Histories of Brazil:
A linked-data repository
of three 16th century
This project is building an annotated corpus composed by three 16th century Portuguese narratives about Brazil – “História da Província Santa Cruz”, by Pero Magalhães de Gandavo (1576), “Tratados da terra e gente do Brasil”, by Fernão Cardim (1584), and “Notícias do Brasil”, by Gabriel Soares de Sousa (1584) – forming a comprehensive collection of the eighteen editions of the texts produced between 1576 and 1925. The motivation for the project came from the recognition of the linguistic relevance of the study of those texts, the realization of the challenges they pose in the philological aspect, and the observation of the potential for interesting computational work residing in the conjunction of such linguistic value and such philological challenges.
16th century Portuguese narratives about “the New World” have been traditional objects of scholarly interest in the fields of social, political and cultural history for over a century – in fact, the profusion and the solid tradition of studies founded on those writings forces any new historiographical approaches to argue for their relevance not in terms of the importance of the narratives themselves, but rather, in terms of the relevance and novelty of fresh approaches.

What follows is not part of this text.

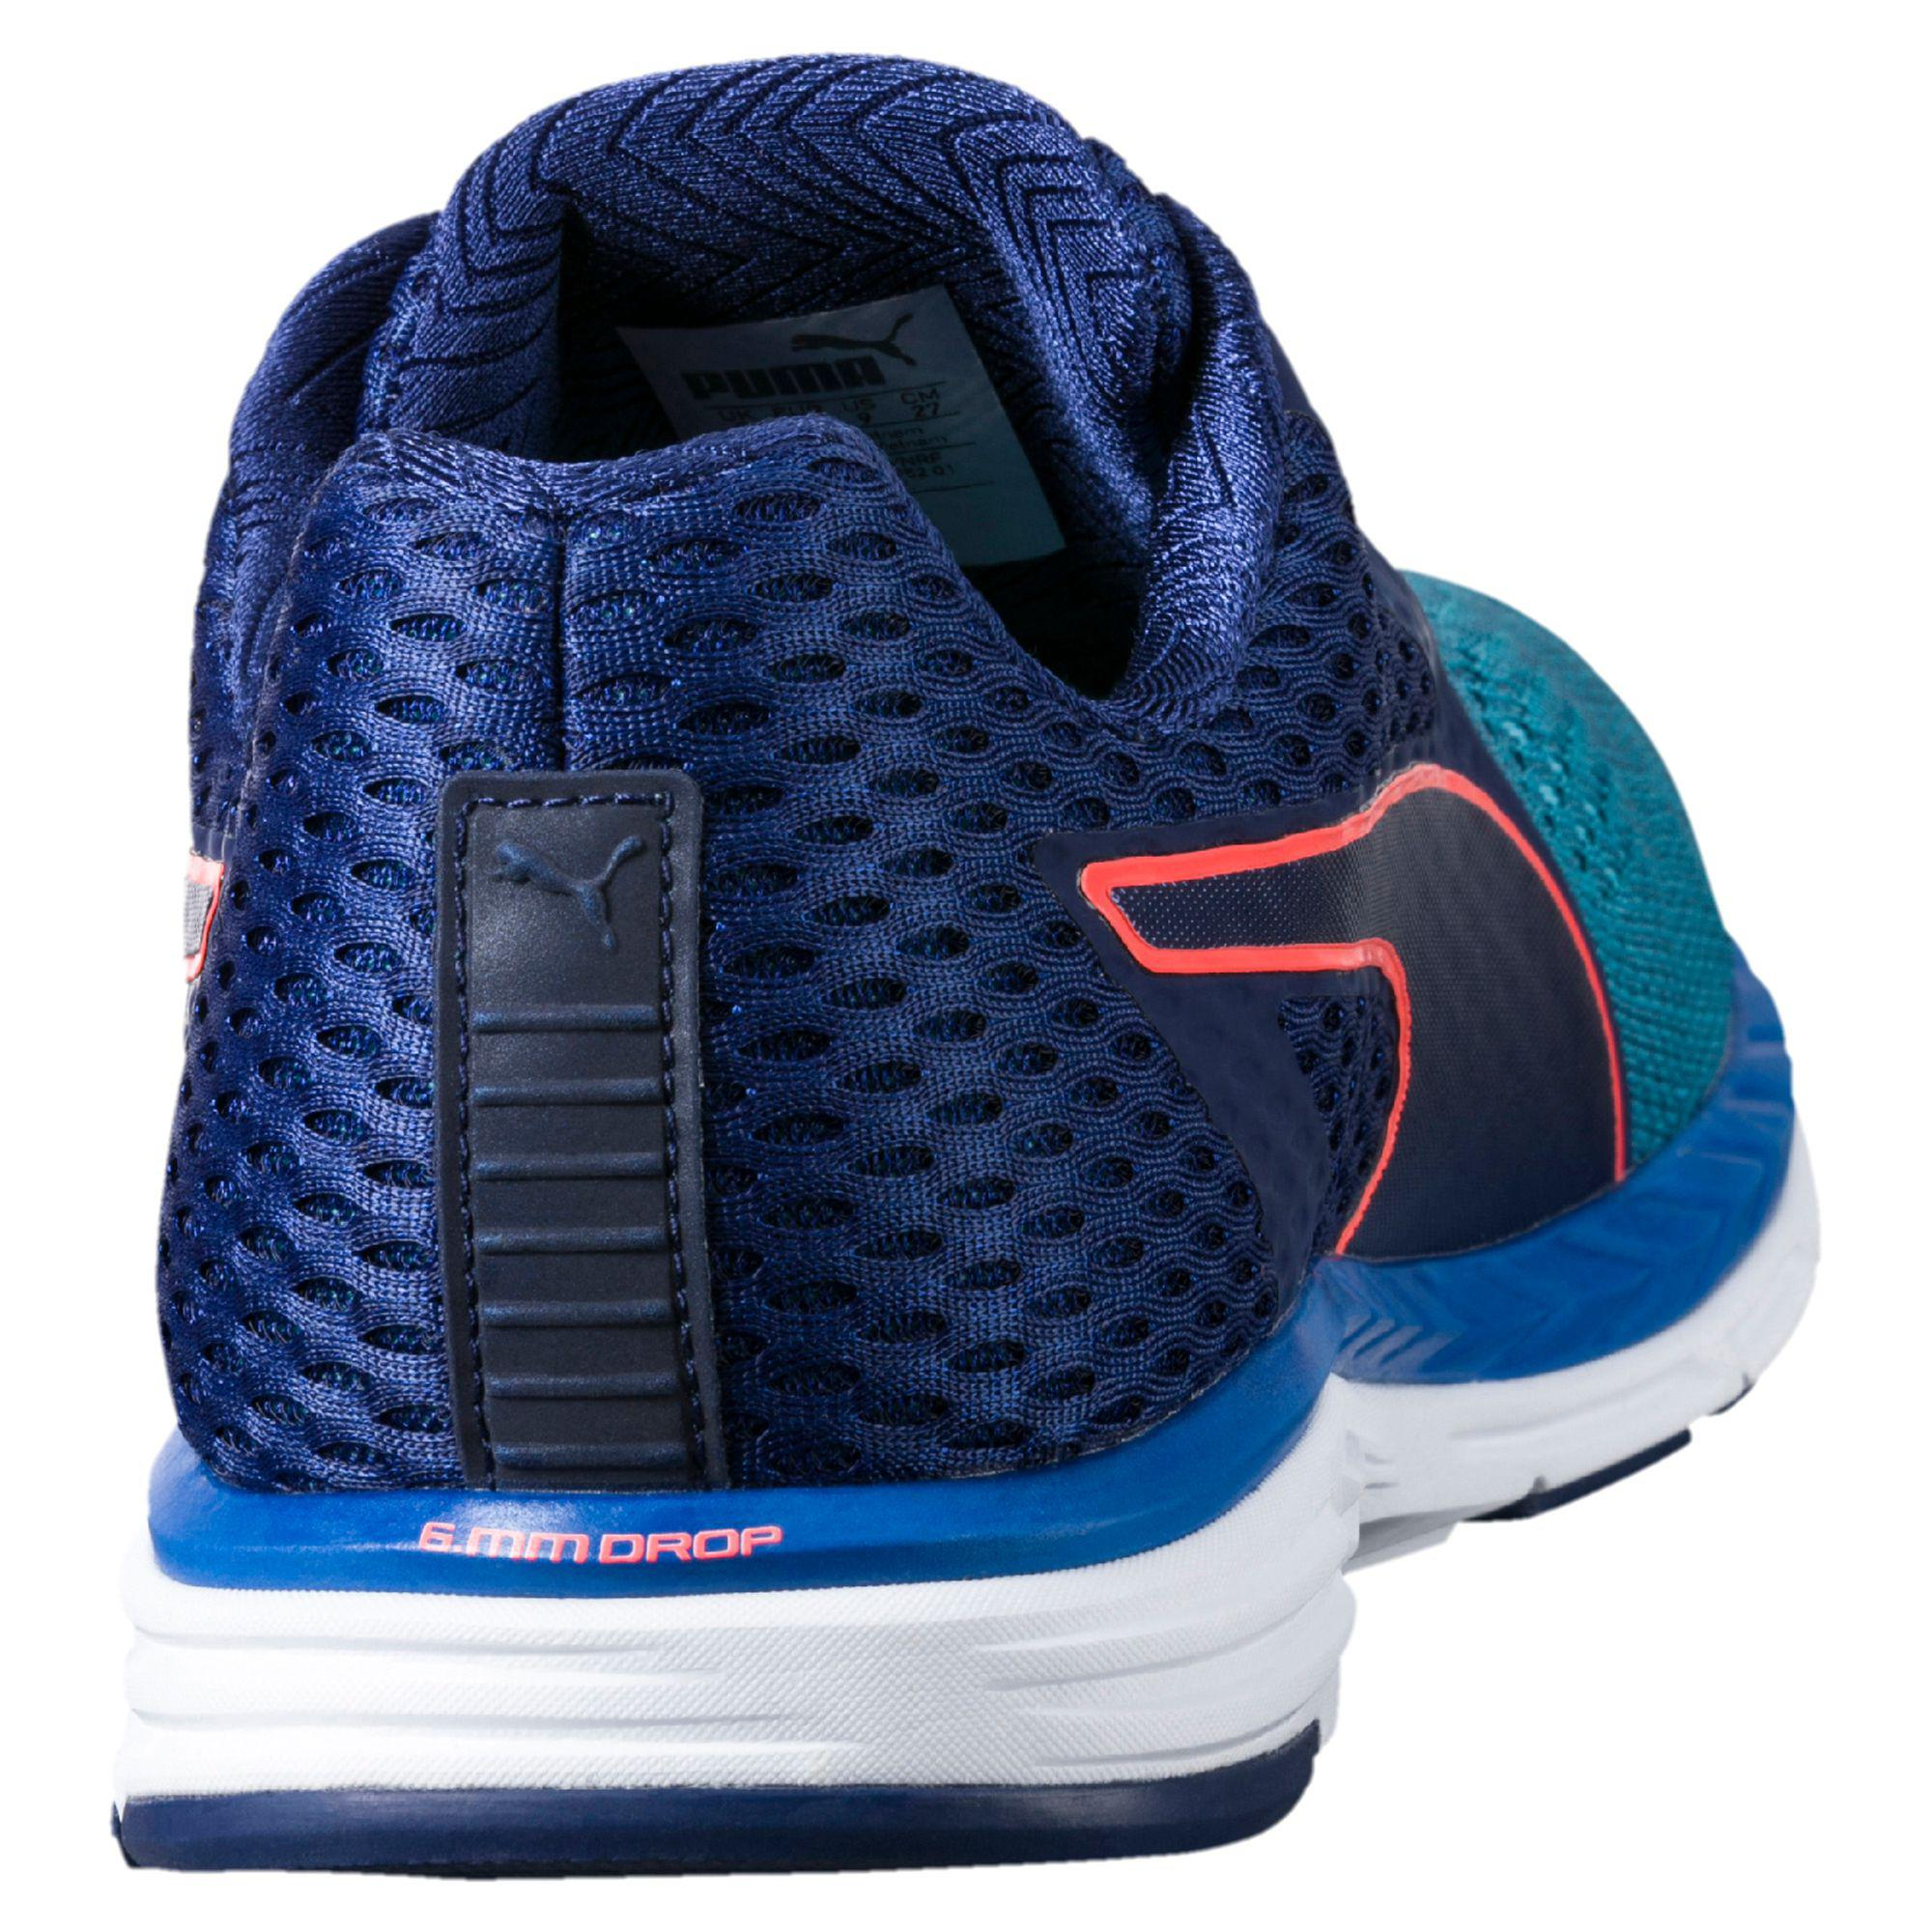 f4cf7a5de45ef4 Lyst - Puma Speed 500 Ignite 2 Men s Running Shoes in Blue for Men

In the area of Portuguese linguistics, however, these documents have not traditionally been subjected to comparable interest. This scenery has changed considerably only in recent years, when research on the history of Portuguese in Brazil begun to confer greater importance to the written documentation of the language spoken by the Portuguese settlers in the context of the first stage of colonial history (16th and 17th centuries). Diachronic research has recently taken early colonial Portuguese documents as essential pieces in the puzzle of the upsurge of the marked grammatical changes that gave rise to contemporary Brazilian Portuguese, particularly thanks to the important collective projects started in the years 1990, such as Mattos e Silva (1991), Galves (1998), and Castilho (1998). In this context, the group formed by the first narratives written by the Portuguese on arrival at the conquered continent gained particular relevance, as we can clearly see in the emblematic case of the pioneer work of Prof. Rosa Virgínia Mattos e Silva on the Carta by Pero Vaz de Caminha, the inaugural document on the ‘discovery’ of Brazil by the Portuguese (Mattos e Silva, 1996). In more recent years, the linguistic community’s interest in early colonial documents may be seen in the lexicographical studies conducted by F. Gonçalves and C. Murakawa about the texts by Fernão Cardim (Goçalves & Murakawa, 2009, 2012; Gonçalves, 2007). My own works about the syntax of Classical Portuguese, most of them in the context of the collective projects mentioned above – more consistently, with Galves (1998, 2002, 2012) – have only been possible thanks to the access to key 16th century narratives, most notably those by M. de Gândavo and F. Cardim, whose texts ground the analysis of the change from Classical to Brazilian Portuguese I have suggested in Paixão de Sousa (2008 a/b, 2009, 2012).
The amplification of linguistic investigation founded on 16th century Portuguese narratives, however, is currently hindered by important challenges in the philological realm. The three texts selected for this project, in particular, present unbelievably complex editorial trajectories – to the point, in fact, that their authorship cannot be safely affirmed. In a preliminary survey for the present project, finding critical editions, dedicated critiques, and original manuscripts for the three titles proved a daunting task. The survey did find myriad versions for the three titles – twenty-six editions in all, among manuscript copies, XVI to XX century printed editions, and relevant translations – but, unfortunately, only one instance of reasonably trustworthy original manuscripts (for Cardim’s text). The survey also showed that good part of this material can be found in digital format with free access in the world wide web; however, the overall organisation of the different versions and editions leave much to be desired, and the quality of the digital editions (with only one exception) is well below what would be acceptable for linguistic studies.
We are faced, therefore, with the following problem: we observe the existence of documents with immense value and relevance for linguistic investigation, most of them in digital format; however, their digital versions have not been scholarly edited, and are dispersed around the web. We propose, with this project, to develop a computational treatment for this group of documents, by which the disperse versions would be collected into a logical net, composed by scholarly digital editions, in which relevant linguistic structures in each text would be mapped and codified, opening the possibility for comparative studies of the different texts among each other, and of the different versions of each text along time.
The project begins in this year of 2015 with a detailed linguistic study on one of the titles of the corpus, the “História da Província Santa Cruz” by M. de Gândavo, taken as a pilot instance for the development of the linguistic annotation to be later extended to the other texts.